**ABOUT THIS EXERCISE:** The entries below hold a line with "Fashionuma Beige &" and a line with "Rani Cumin Seeds". Return those lines and all that lie between them, exactly and only.

**AVAILABLE DATA:**
● ● ● ● ●

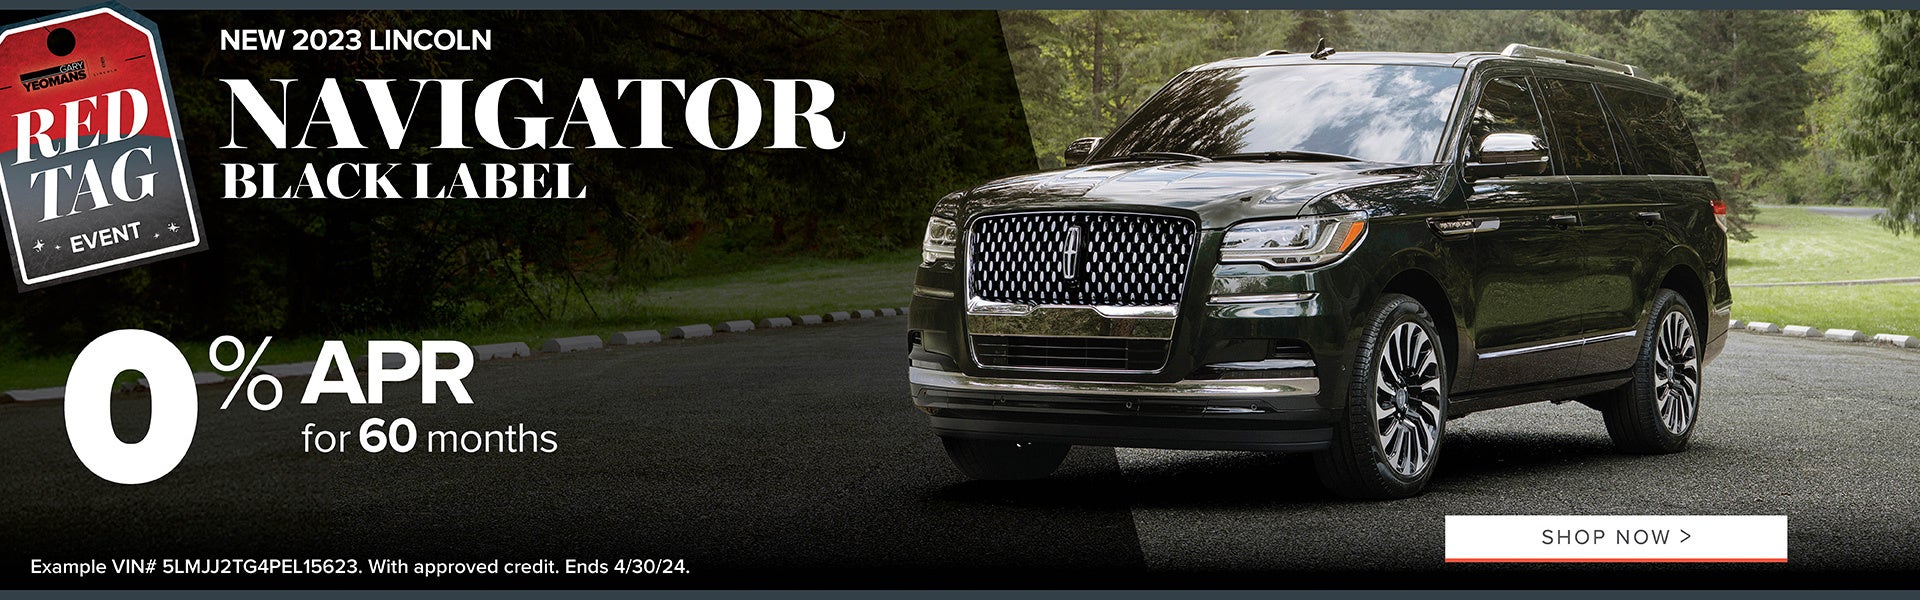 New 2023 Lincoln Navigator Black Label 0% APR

● ● ● ● ●

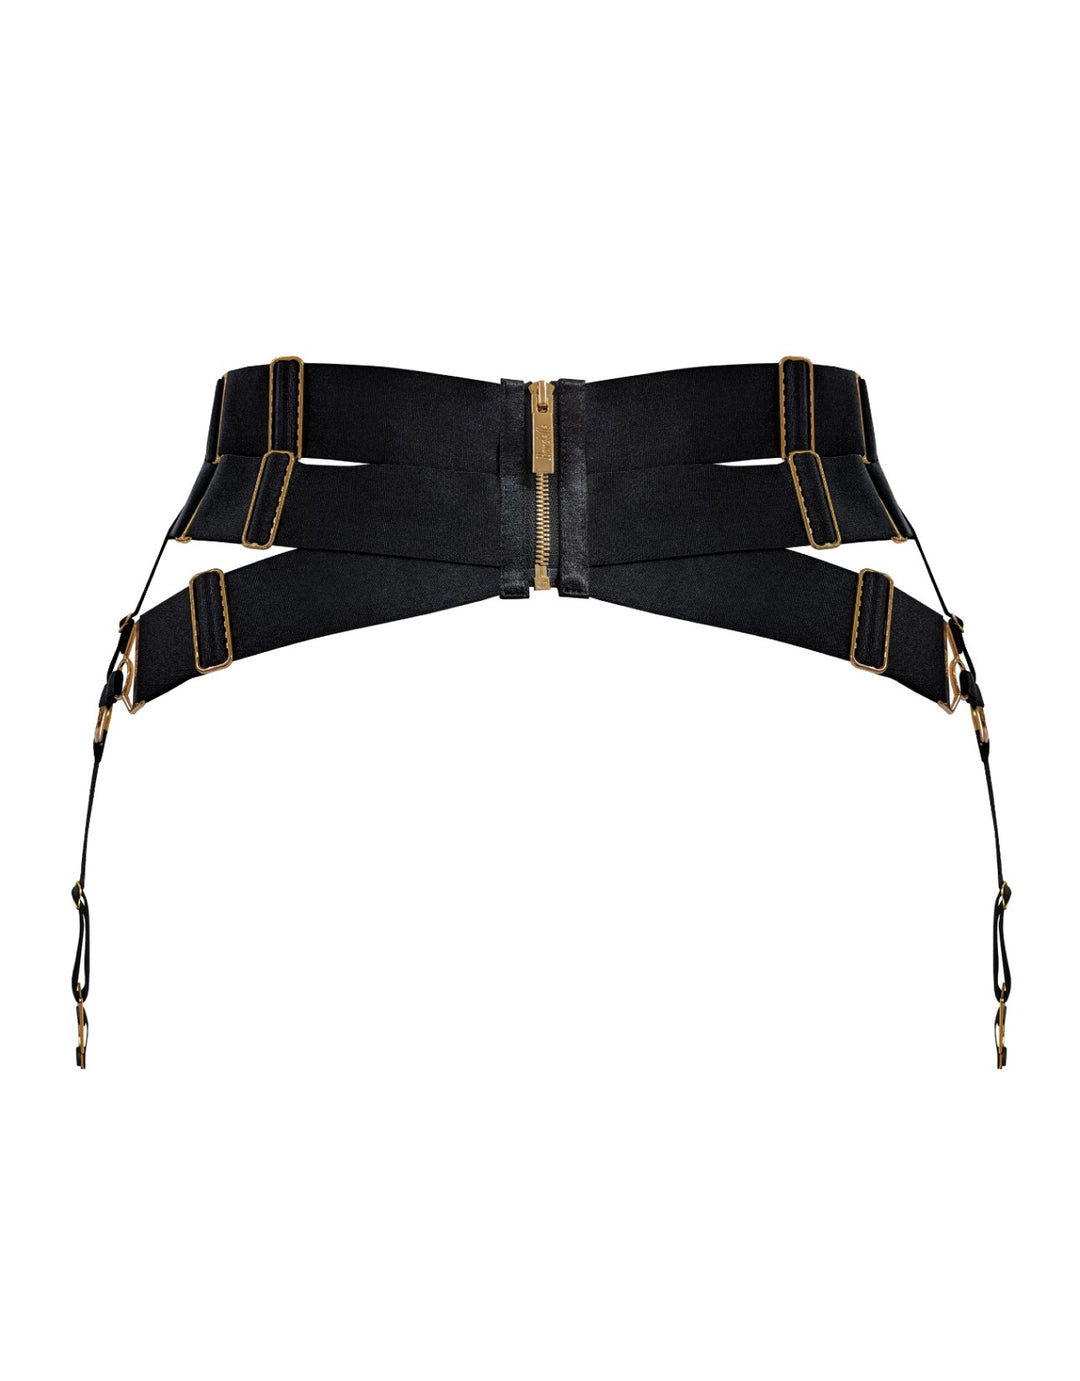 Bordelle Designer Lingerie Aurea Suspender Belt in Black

● ● ● ● ●

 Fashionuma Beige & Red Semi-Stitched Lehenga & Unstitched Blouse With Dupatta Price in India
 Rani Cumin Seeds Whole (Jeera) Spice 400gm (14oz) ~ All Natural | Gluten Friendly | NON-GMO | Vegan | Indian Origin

● ● ● ● ●

**SOLUTION TO THE EXERCISE:**
 Fashionuma Beige & Red Semi-Stitched Lehenga & Unstitched Blouse With Dupatta Price in India
 Rani Cumin Seeds Whole (Jeera) Spice 400gm (14oz) ~ All Natural | Gluten Friendly | NON-GMO | Vegan | Indian Origin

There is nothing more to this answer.